• _Description of the task_: Line by line, return the listing exactly, without any of the images.

• _The data_:
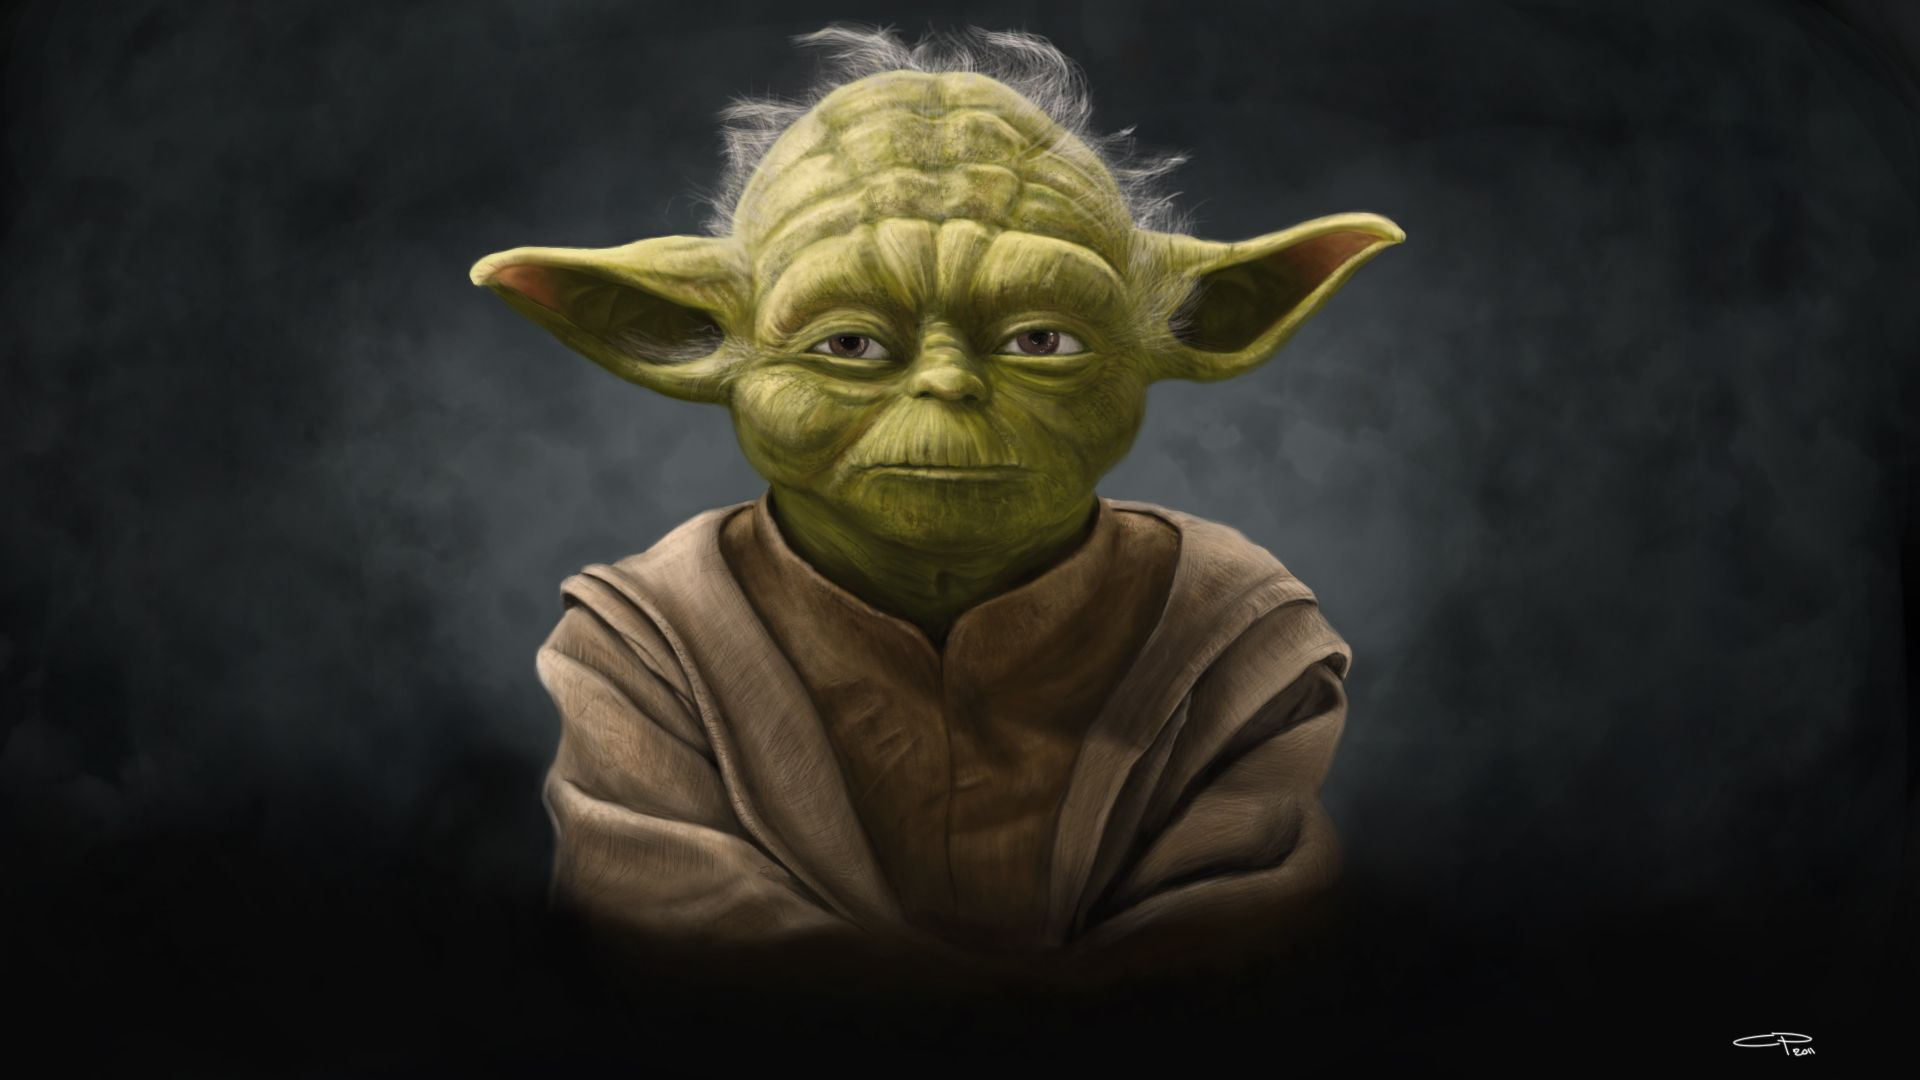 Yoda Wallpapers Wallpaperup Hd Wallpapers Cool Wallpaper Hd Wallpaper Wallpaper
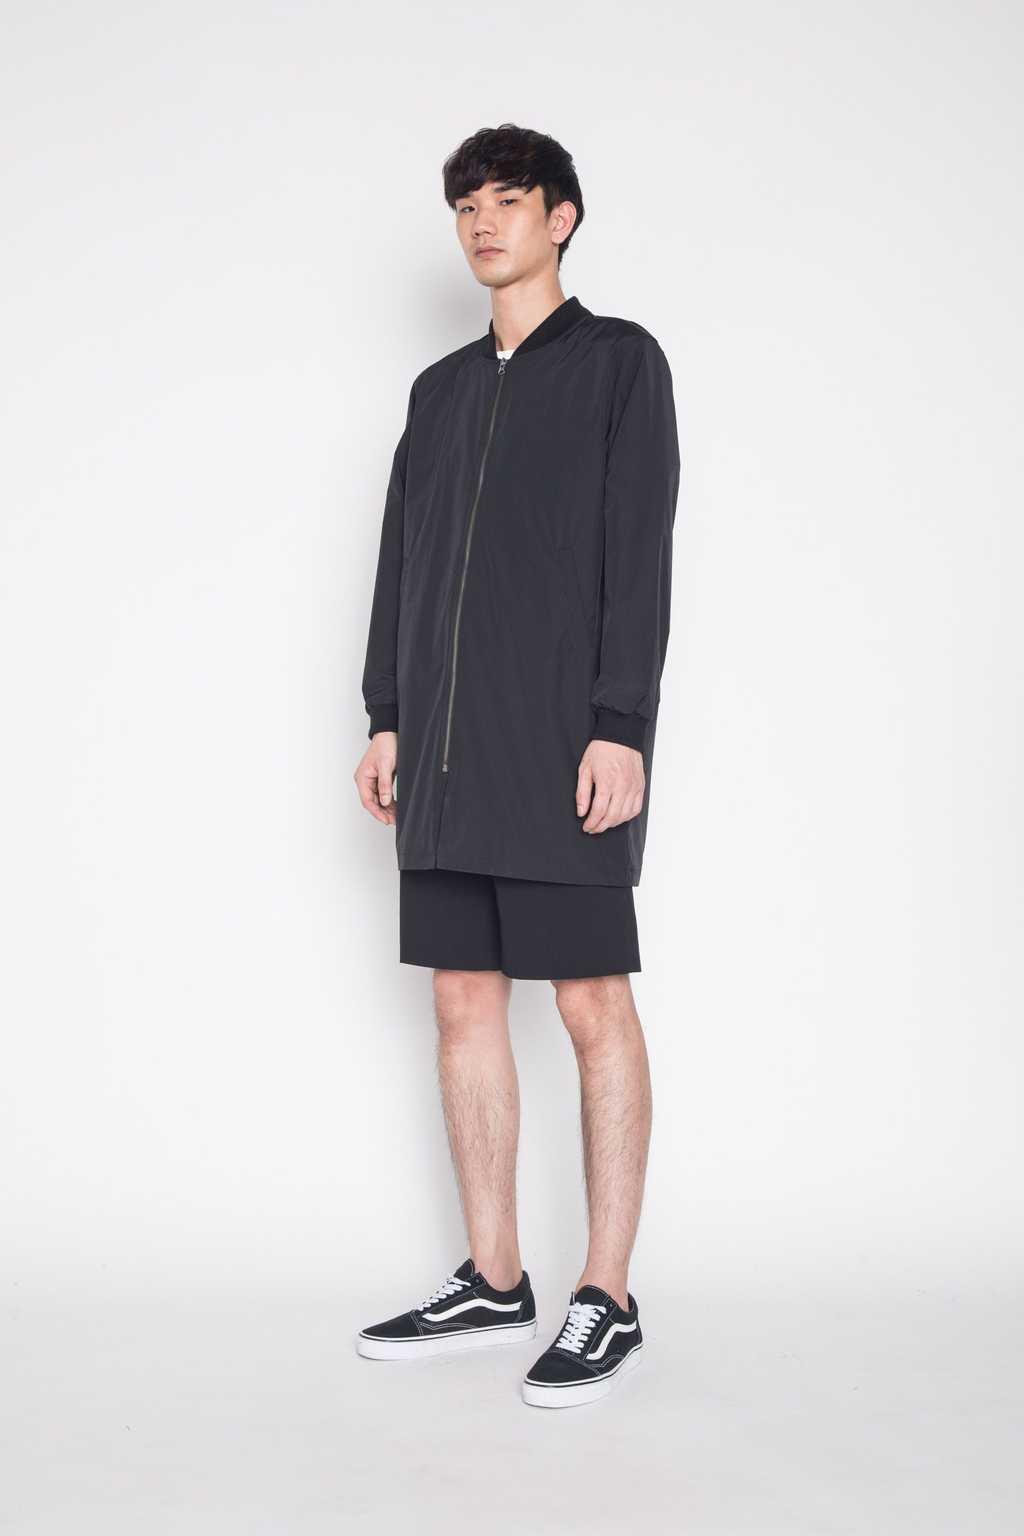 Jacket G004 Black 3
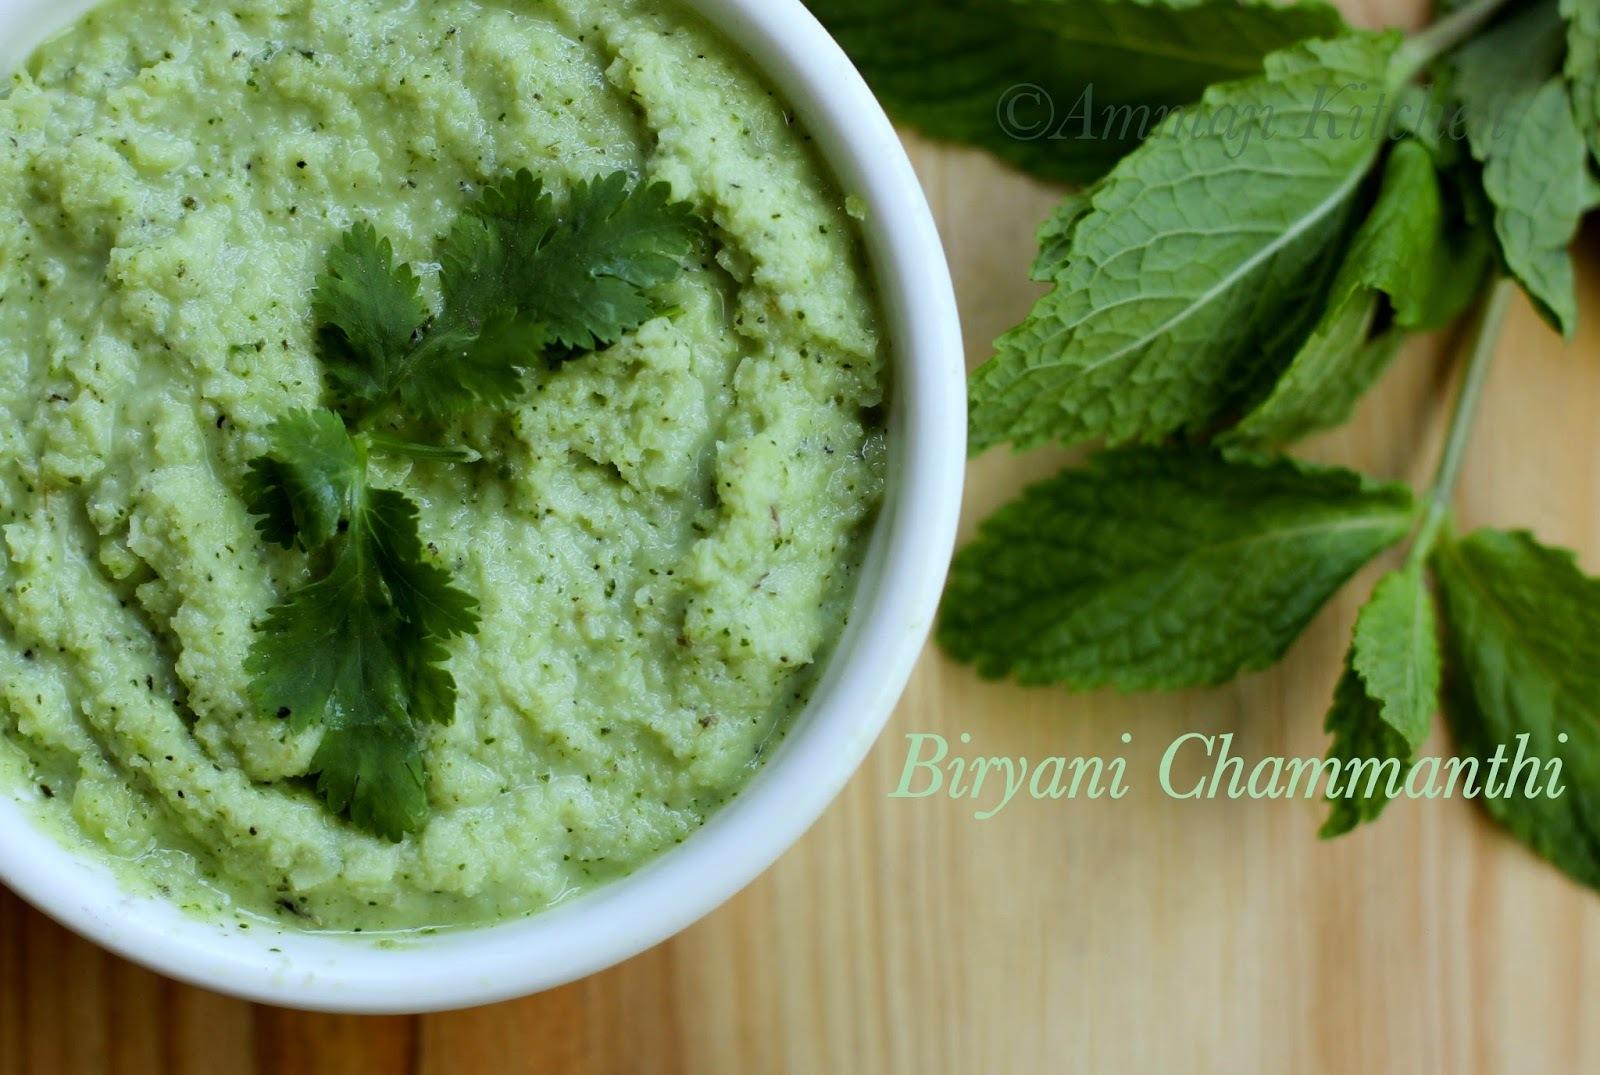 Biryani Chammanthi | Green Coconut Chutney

• _Exercise answer_:
 Yoda Wallpapers Wallpaperup Hd Wallpapers Cool Wallpaper Hd Wallpaper Wallpaper
 Jacket G004 Black 3
 Biryani Chammanthi | Green Coconut Chutney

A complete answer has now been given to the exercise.